Analysis of scRNA-seq data
Data preprocessing
STAR was used to align the FASTQ format reads to the human reference genome (hg38 and GRCh38) [24], and then Cell Ranger was used to export the gene expression matrix. Quality control was performed for each scRNA-seq dataset using the procedure implemented in Seurat (v3.1.3) R toolkit [25]. First, cells with more than 10% mitochondrial RNA content were considered dead or dying and were removed. Cells with feature counts less than 200 or more than 3000 were also excluded. Cells expressing more than one of these three markers (CD2, CD79A, and CD68) simultaneously were defined as doublets and removed. Secondly, the filtered gene expression matrix for each sample was normalized by the “NormalizeData” function of Seurat, and the highly variable genes were retained by the “FindVariableFeatures” function. Lastly, “FindIntegrationAnchors” and “Integratedata” functions were used to integrate the gene expression matrices of all samples, in which batch effects between different samples were adjusted.
Single-cell clustering and cell type annotation
Seurat (v3.1.3) was used to cluster the cells based on single-cell expression profiles. First, “RunPCA” function in Seurat was used to perform the principal component analysis (PCA), and “FindNeighbors” function in Seurat was used to construct a K-nearest neighbor graph. Next, the most representative principal components (PCs) selected based on PCA were used for clustering analysis with “FindCluster” function in Seurat. Finally, a Uniform Manifold Approximation and Projection (UMAP) algorithm [26] was used to visualize the different clusters.

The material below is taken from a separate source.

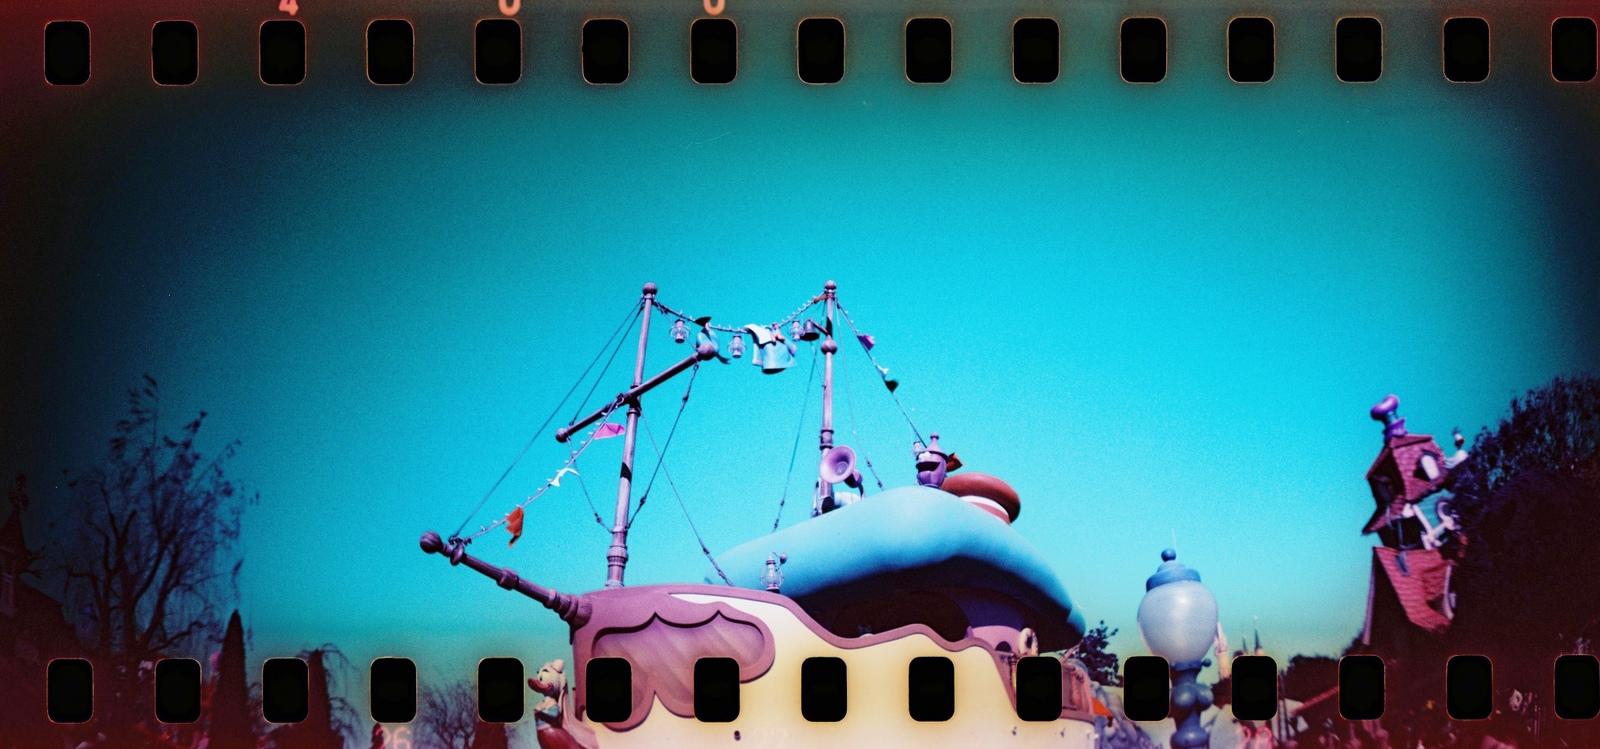 000006 Lomo Sprokle Rocket X LomoChrome Purple XR.JPG

We then used classical cell markers to annotate the cell types. According to the results of differential expression analysis among cell types, cells with significantly up-regulated genes such as CD2, CD3D, and CD3E were annotated as T cells, cells with significantly up-regulated genes such as CD79A, CD19, and MS4A1 were annotated as B cells, cells with significantly up-regulated genes such as IGHA1, TNFRSF17, and SDC1 were annotated as plasma cells, cells with significantly up-regulated genes such as CD14, FCGR3A, and CD68 were annotated as myeloid cells, cells with significantly up-regulated genes such as VWF, CDH5, and FLT1 were annotated as endothelial cells, cells with significantly up-regulated genes such as DCN, COL1A1, and ACTA2 were annotated as fibroblast cells, cells with significantly up-regulated genes such as KRT18, KRT8, and EPCAM were annotated as malignant/epithelial cells, cells with significantly up-regulated genes such as MS4A2, CPA3, and TPSB2 were annotated as mast cells, and cells with significantly up-regulated genes such as NCAM1, KLRB1, and NCR3 were annotated as natural killer (NK)/natural killer T (NKT) cells. CD4 and CD8 gene expression levels were used to differentiate between CD4+ and CD8+ T cells. To get higher resolution clusters in CD4+ T cell, CD8+ T cell, B cell, and myeloid cell, the “resolution” parameter used in “FindCluster” was set from 0.5 to 0.8.
Differential expression analysis
The differential expression analysis for deriving cell type markers and differentially expressed genes between different sample groups such as tumor and normal was performed with “wilcoxauc” function in Presto [27].
Pathway/gene set analysis
Pathway/gene set enrichment analysis was performed using the Correlation Adjusted MEan RAnk gene set test (CAMERA) [28], which was implemented in the singleseqgset (version 0.1.2) R package. In brief, the log2 fold change in the mean expression level of a specific gene between the specific cell cluster and other cells was used as the test statistic. The 50 hallmark gene sets in the MSigDB database (https://www.gsea-msigdb.org/gsea/msigdb) were used for the CAMERA analysis.
Correlation analysis
Spearman’s rank or Pearson’s correlation coefficient was used to evaluate the correlation between different gene pairs in a specific cell type.
Trajectory analysis
Monocle 2 [29] was used to reconstruct the single-cell trajectories. Briefly, the “negbinomial.size” function was used to create a “CellDataSet” object from the unique molecular identifier (UMI) count matrices with default settings. The variable genes were defined using the following cutoff: dispersion_empirical > dispersion_fit, and mean expression > 0.001. Dimensional reduction was performed using the “DDRTree” method, and cell ordering was performed using the “orderCells” function.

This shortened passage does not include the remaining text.